**Task to complete**.
Once the line with "La curiosità è" is found in the entries below, repeat it and each following line exactly, up to and including the line with "Serbian Orthodox Church". Add no other lines.

**Extracted material**.
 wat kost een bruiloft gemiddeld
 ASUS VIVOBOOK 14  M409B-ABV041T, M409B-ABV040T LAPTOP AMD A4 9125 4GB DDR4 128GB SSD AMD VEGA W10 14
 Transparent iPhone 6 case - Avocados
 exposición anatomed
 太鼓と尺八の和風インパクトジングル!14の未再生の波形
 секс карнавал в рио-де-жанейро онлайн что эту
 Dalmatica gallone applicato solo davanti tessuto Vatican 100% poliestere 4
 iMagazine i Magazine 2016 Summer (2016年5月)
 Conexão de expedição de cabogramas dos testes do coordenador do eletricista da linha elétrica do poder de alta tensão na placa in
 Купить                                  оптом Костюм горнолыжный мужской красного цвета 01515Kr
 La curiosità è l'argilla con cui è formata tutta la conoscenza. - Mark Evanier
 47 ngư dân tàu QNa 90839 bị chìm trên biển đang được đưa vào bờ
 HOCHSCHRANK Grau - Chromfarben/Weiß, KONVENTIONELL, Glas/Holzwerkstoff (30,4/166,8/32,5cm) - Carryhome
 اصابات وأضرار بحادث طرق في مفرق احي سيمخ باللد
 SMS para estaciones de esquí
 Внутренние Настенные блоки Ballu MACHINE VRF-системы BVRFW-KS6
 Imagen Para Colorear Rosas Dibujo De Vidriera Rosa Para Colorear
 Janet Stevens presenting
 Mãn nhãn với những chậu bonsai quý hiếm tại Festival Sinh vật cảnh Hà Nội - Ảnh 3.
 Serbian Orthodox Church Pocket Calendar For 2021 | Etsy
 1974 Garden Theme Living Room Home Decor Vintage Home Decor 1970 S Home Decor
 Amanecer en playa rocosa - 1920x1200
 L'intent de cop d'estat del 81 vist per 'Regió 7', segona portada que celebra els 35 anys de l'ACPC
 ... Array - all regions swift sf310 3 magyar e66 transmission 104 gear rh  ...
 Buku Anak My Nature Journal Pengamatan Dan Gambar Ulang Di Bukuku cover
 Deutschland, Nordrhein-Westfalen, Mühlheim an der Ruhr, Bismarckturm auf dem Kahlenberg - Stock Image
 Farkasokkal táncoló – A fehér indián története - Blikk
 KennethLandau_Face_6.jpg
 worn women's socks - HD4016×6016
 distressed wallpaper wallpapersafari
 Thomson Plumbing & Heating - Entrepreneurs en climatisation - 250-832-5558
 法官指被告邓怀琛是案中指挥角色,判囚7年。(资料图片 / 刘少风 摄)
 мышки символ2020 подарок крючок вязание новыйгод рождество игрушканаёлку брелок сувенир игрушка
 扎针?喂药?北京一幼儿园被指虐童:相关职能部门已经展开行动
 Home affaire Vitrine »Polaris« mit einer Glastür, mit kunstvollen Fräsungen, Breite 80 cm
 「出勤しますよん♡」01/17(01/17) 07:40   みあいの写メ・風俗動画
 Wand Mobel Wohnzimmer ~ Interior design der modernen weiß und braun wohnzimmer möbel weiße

**Answer to this exercise**.
 La curiosità è l'argilla con cui è formata tutta la conoscenza. - Mark Evanier
 47 ngư dân tàu QNa 90839 bị chìm trên biển đang được đưa vào bờ
 HOCHSCHRANK Grau - Chromfarben/Weiß, KONVENTIONELL, Glas/Holzwerkstoff (30,4/166,8/32,5cm) - Carryhome
 اصابات وأضرار بحادث طرق في مفرق احي سيمخ باللد
 SMS para estaciones de esquí
 Внутренние Настенные блоки Ballu MACHINE VRF-системы BVRFW-KS6
 Imagen Para Colorear Rosas Dibujo De Vidriera Rosa Para Colorear
 Janet Stevens presenting
 Mãn nhãn với những chậu bonsai quý hiếm tại Festival Sinh vật cảnh Hà Nội - Ảnh 3.
 Serbian Orthodox Church Pocket Calendar For 2021 | Etsy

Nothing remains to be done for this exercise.